Chemistry - How can the formula of WD-40 remain a trade secret?

Solution 1:

"How can it remain secret?". Trivial answer is - it can't (it isn't).

WD40 is a Fast Moving Consumer Good (FMCG). It is also a reasonably cheap product - as an industrial chemist this suggests at least two things to me:

  1. It doesn't contain anything rare or expensive
  2. It isn't difficult to manufacture

As an ex-petroleum chemical analyst, with access to a reasonably complete lab, checks to do :

  • Get the Safety Data Sheet (below is composite information from a number of WD-40 Penetrant SDS)

    cas %

  • 64742-47-8 50-70 isoparaffins petroleum hydrotreated HFP

    64742-56-9 30-35 paraffinic distillate, light, solvent-dewaxed

    61789-86-4 <5 calcium petroleum sulfonate

    111-76-2 1-3 ethylene glycol monobutyl ether

    Not Available 1 fragrance

  • Check the SDS info using physical/chemical testing If you have the gear available : Density Distillation FTIR GC (GC-MS if you have it) AAS/ICP - metals (ICP multielement would be best) CHOSNP analysis for hetero atoms

  • Rebuild the product from data. Check to see if it performs the same.

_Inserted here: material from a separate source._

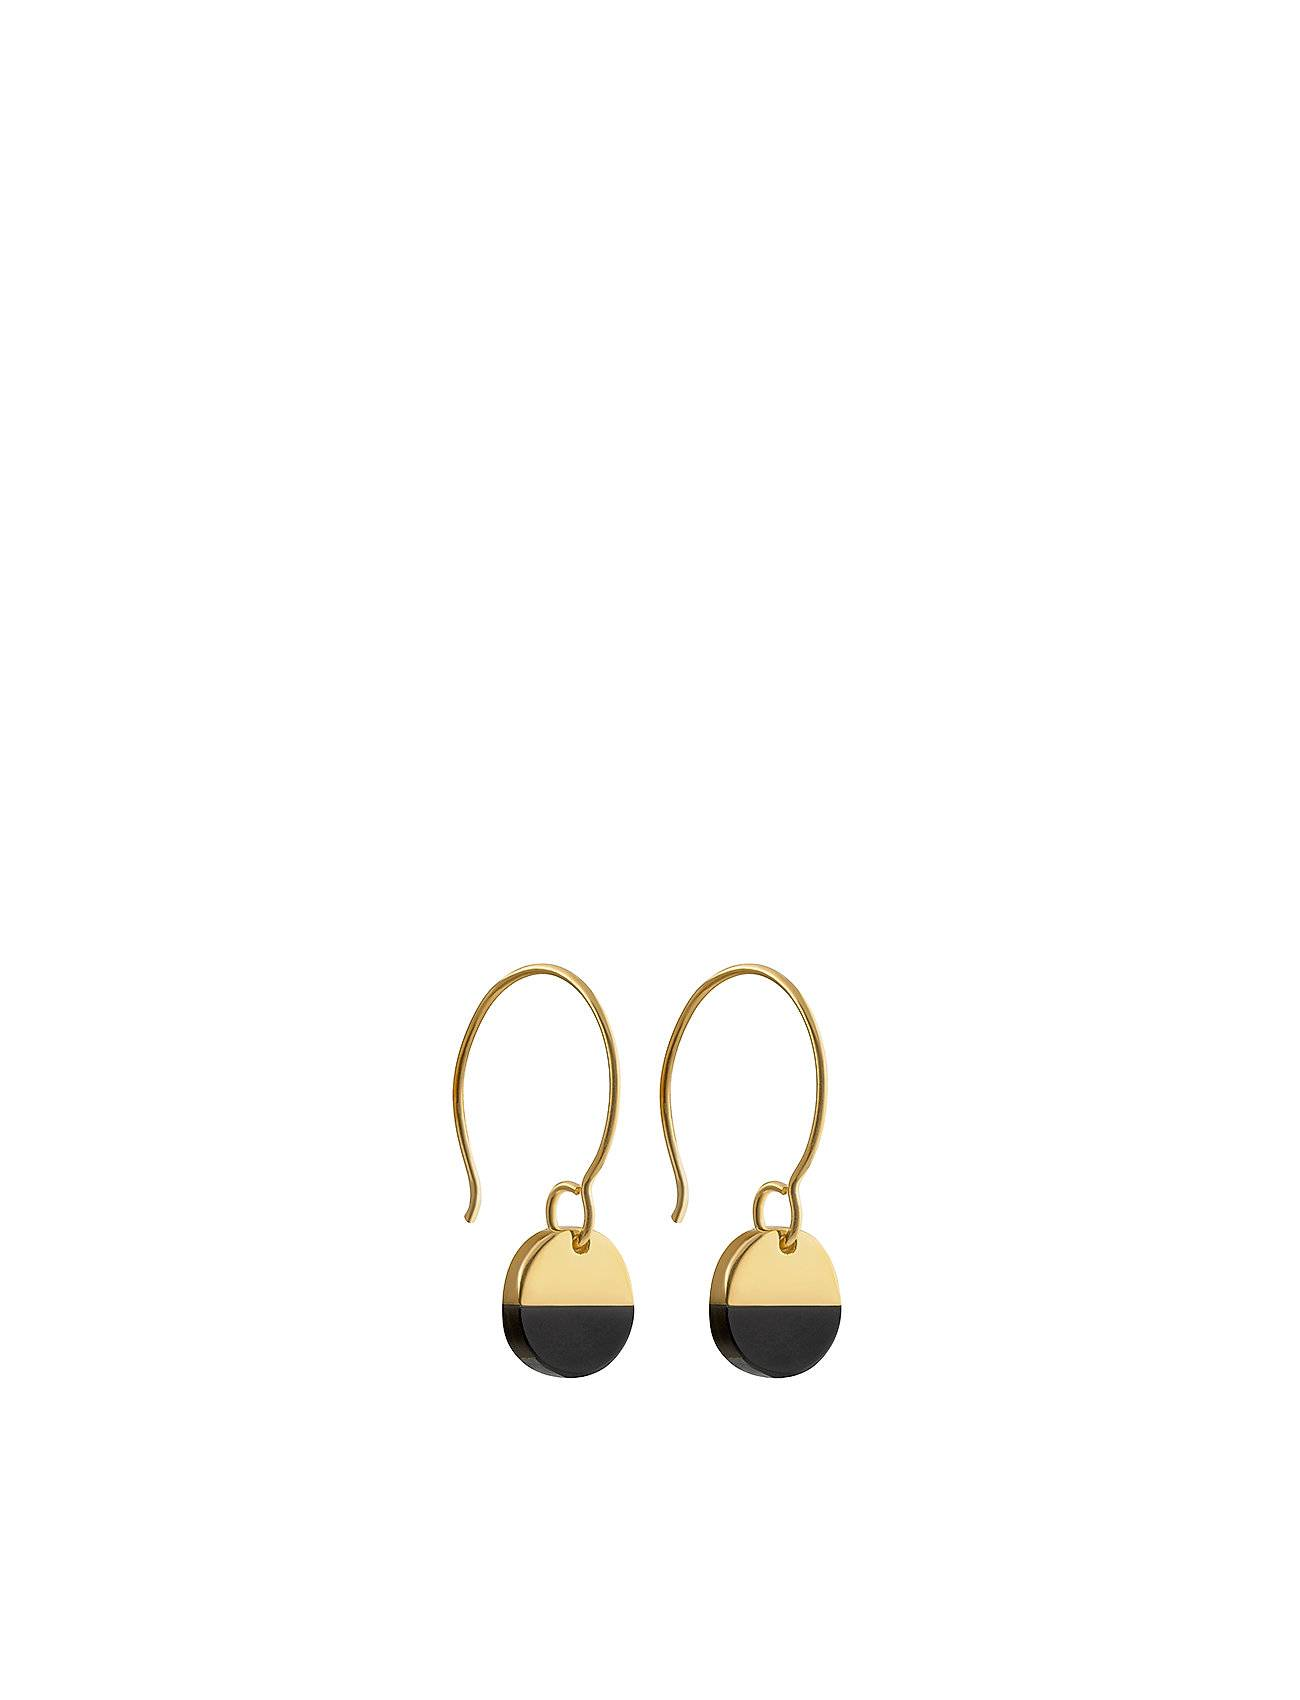 Syster P Dixxi Earrings Black Onyx

  • Improve on the product (believe me - WD-40 is NOT the be all and end all of penetrating oils - technology has improved since its formulation).

Solution 2:

A fundamental problem in analytical chemistry is that we never analyze a complete unknown mixture simply because of time and money constraints. Finding each and every component of a complex unknown mixture is quite impossible. NMR is good for pure compounds only, mass spectrometer is "blind" to several analytes because they do not ionize very well. It is unable to distinguish the masses of isomers. You may ask what can't we make synthetic gasoline? The reason is that it literally contains thousand and thousands of compounds and people are even discovering more by using million dollar Fourier transform ion cyclotron resonance mass spectrometers. So back to the question, is it worth analyzing a completely unknown mixture?